All interested Extension Professionals are invited to join an informational meeting to learn about a new collaborative program, the Ohio Land Exchange (OH/LEX), designed to assist stakeholders in planning and implementing reuse strategies for vacant and abandoned land, a growing health and wellness issue for communities across Ohio. Knowlton School of City and Regional Planning faculty will provide an overview of the program, how it works, and how it can make an impact in your community. Join this one-hour, online meeting on Friday, March 10 at 10 a.m. at carmenconnect.osu.edu/ohlex/.

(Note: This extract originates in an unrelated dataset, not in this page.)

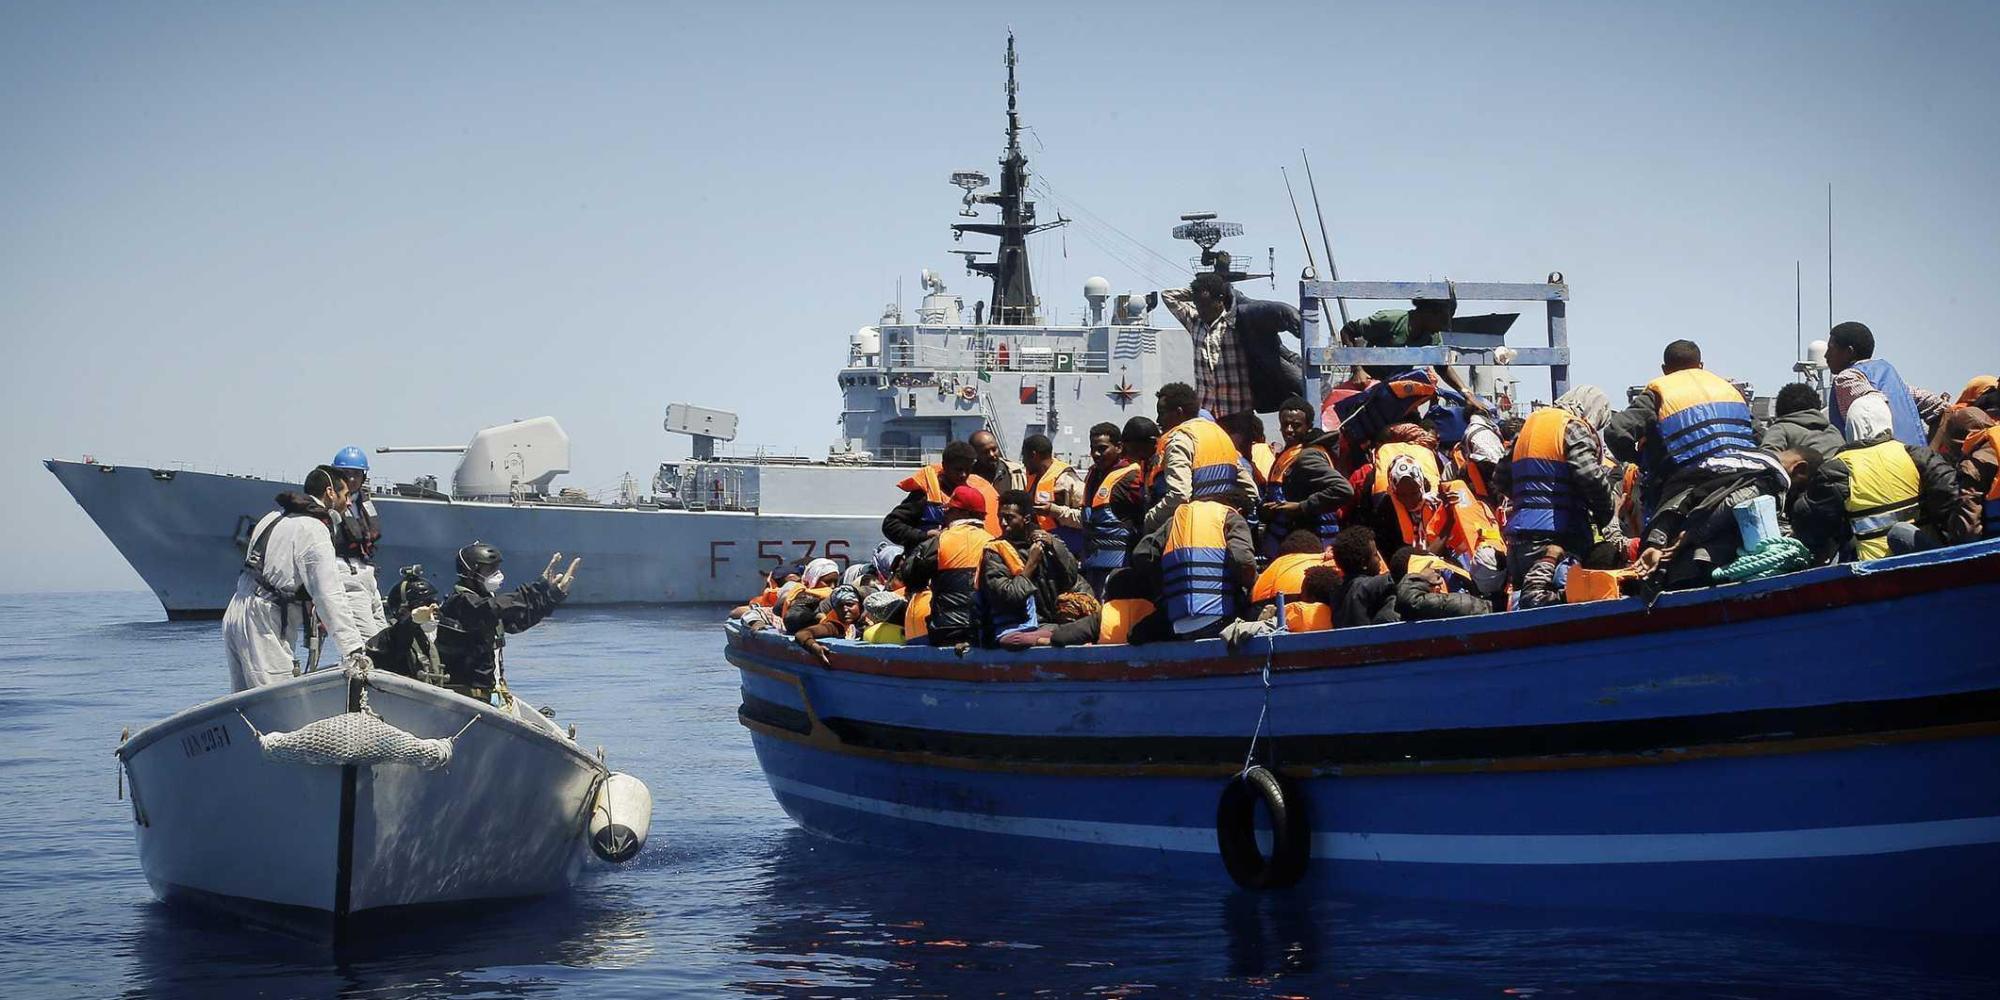 Uno degli obiettivi di "Mediterraneo Sicuro" è da sempre il contrasto al traffico di esseri umani e il salvataggio, quando necessario, dei migranti in difficoltà.
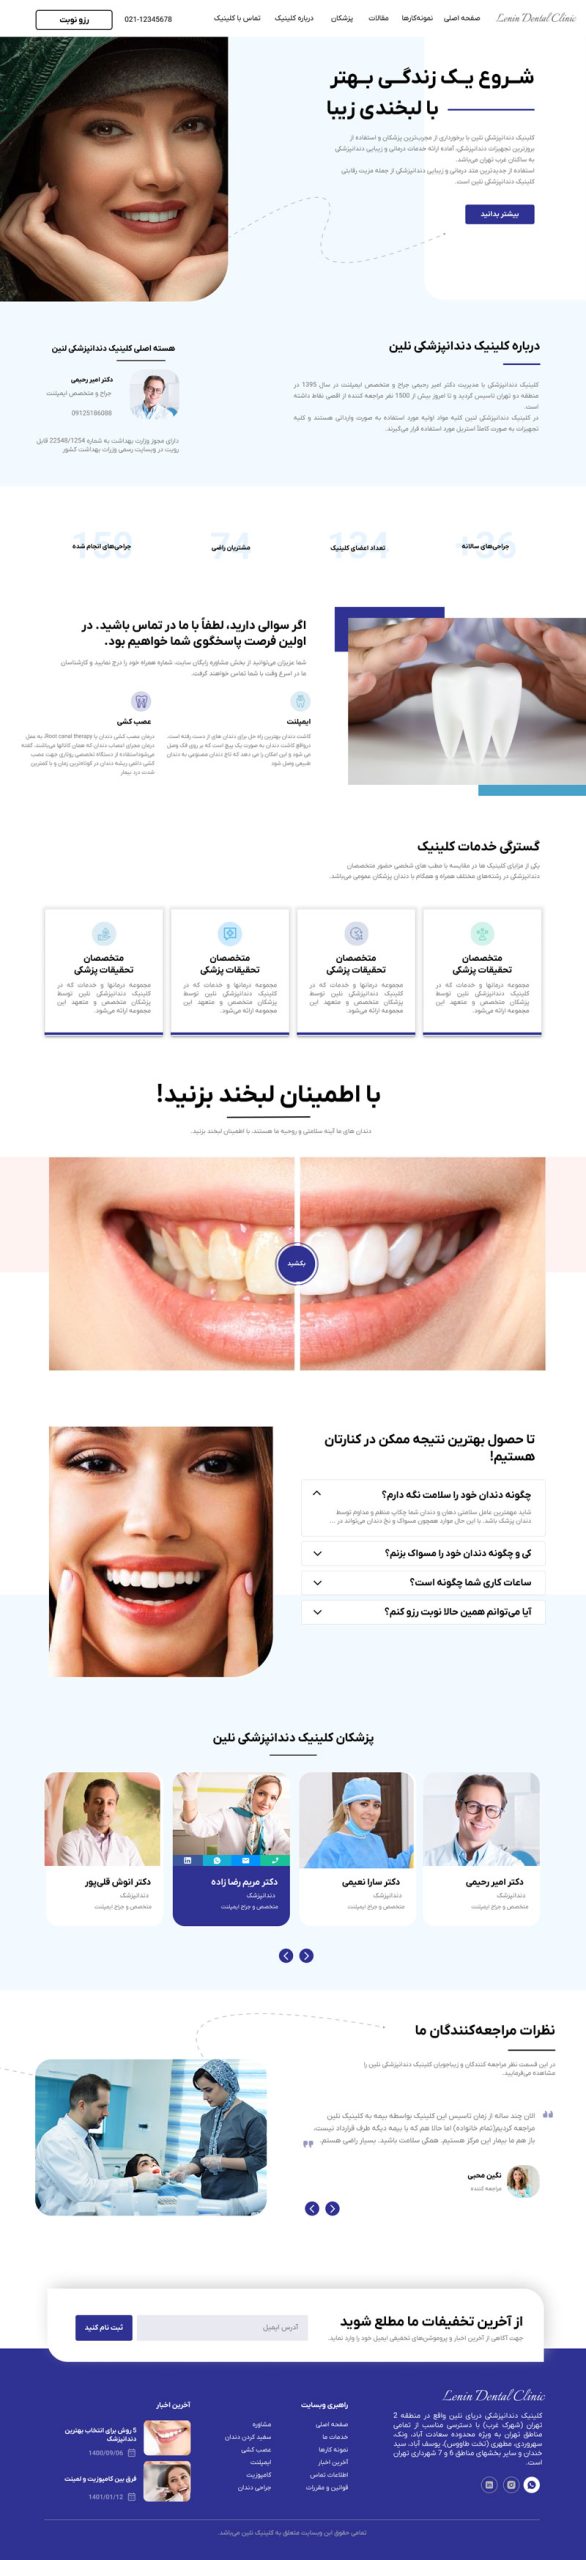 طراحی UI/UX کلینیک دندانپزشکی نلین

Vacant lots, many contaminated, have become a community health issue for cities throughout Ohio. More than 20 cities with populations over 20,000 have seen significant declines in population over the last 30 years, making them “shrinking” or “legacy” cities (Greater Ohio Policy Center, 2016). In 2010, in response to this issue, the Ohio legislature made the formation of county land reutilization corporations (land banks) possible for 44 of Ohio’s most populous counties. As of 2016, 40 of the 44 have formed land banks and are beginning to acquire, plan for and dispose of vacant lots. The Knowlton School has developed the Ohio Land Exchange (OH/LEX), a collaborative process designed to assist communities in engaging a broad range of stakeholders in the planning for and implementing reuse strategies for vacant and abandoned land. The process was developed over the past 2 years and has been successfully implemented as a pilot program in Lima, OH. They have been awarded a Connect and Collaborate grant to extend the program to counties throughout Ohio by partnering with Extension and the local land banks.
A workshop is being planned for the May/June timeframe to train Extension professionals about the program/curriculum. The workshop will consist of:
- an overview of the program
- simulation exercise
- environmental and regulatory process
- logistics and tools (an online land/reuse matching tool is being developed)
We are reaching out to identify interested Extension professionals who have an interest in learning about and implementing the LH/LEX process in their communities.